The problem:
Below are the records; copy every line in them that holds the string "from".

Supplied records:
• • •

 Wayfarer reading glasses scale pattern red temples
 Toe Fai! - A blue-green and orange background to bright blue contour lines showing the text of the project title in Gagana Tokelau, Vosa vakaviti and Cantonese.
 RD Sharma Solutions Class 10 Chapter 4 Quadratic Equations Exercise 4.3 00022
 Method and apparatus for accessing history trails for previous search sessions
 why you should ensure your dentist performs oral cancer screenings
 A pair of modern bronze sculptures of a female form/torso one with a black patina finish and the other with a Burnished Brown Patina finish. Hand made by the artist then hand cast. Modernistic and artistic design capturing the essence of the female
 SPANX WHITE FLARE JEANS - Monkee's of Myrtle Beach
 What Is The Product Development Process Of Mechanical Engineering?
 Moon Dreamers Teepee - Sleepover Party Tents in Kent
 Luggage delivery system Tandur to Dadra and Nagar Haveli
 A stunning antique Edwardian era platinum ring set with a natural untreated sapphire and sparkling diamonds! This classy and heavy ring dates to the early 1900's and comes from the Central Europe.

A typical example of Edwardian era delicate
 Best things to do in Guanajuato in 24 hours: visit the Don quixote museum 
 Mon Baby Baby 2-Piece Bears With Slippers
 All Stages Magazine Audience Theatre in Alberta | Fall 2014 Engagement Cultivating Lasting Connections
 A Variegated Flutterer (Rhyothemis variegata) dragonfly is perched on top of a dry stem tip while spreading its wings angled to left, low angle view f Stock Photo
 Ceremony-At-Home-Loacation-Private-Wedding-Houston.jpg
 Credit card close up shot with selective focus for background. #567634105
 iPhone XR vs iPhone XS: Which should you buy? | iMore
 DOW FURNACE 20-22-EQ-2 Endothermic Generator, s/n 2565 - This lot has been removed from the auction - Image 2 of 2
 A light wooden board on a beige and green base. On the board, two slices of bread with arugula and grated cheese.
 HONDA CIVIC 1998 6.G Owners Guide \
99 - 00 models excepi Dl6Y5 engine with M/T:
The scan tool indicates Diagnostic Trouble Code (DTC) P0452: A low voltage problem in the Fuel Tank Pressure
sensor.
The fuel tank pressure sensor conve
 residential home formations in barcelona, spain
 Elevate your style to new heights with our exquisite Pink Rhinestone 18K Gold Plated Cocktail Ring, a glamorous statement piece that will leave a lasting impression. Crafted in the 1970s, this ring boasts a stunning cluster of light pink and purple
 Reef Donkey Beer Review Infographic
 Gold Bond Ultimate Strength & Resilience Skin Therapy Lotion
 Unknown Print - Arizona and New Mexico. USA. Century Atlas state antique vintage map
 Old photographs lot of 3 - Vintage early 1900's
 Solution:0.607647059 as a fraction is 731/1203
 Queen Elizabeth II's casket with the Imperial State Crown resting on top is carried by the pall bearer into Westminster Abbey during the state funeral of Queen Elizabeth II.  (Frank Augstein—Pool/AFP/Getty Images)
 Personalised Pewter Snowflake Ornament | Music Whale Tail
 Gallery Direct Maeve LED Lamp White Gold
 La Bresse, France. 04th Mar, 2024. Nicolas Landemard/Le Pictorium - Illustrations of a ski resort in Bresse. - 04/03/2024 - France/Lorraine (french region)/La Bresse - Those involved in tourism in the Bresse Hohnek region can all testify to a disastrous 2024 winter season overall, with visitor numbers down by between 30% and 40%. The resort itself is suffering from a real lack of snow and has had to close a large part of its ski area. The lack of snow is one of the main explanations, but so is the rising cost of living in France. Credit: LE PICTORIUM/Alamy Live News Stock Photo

• • •

Answer for this exercise:
 A stunning antique Edwardian era platinum ring set with a natural untreated sapphire and sparkling diamonds! This classy and heavy ring dates to the early 1900's and comes from the Central Europe.
 DOW FURNACE 20-22-EQ-2 Endothermic Generator, s/n 2565 - This lot has been removed from the auction - Image 2 of 2
 La Bresse, France. 04th Mar, 2024. Nicolas Landemard/Le Pictorium - Illustrations of a ski resort in Bresse. - 04/03/2024 - France/Lorraine (french region)/La Bresse - Those involved in tourism in the Bresse Hohnek region can all testify to a disastrous 2024 winter season overall, with visitor numbers down by between 30% and 40%. The resort itself is suffering from a real lack of snow and has had to close a large part of its ski area. The lack of snow is one of the main explanations, but so is the rising cost of living in France. Credit: LE PICTORIUM/Alamy Live News Stock Photo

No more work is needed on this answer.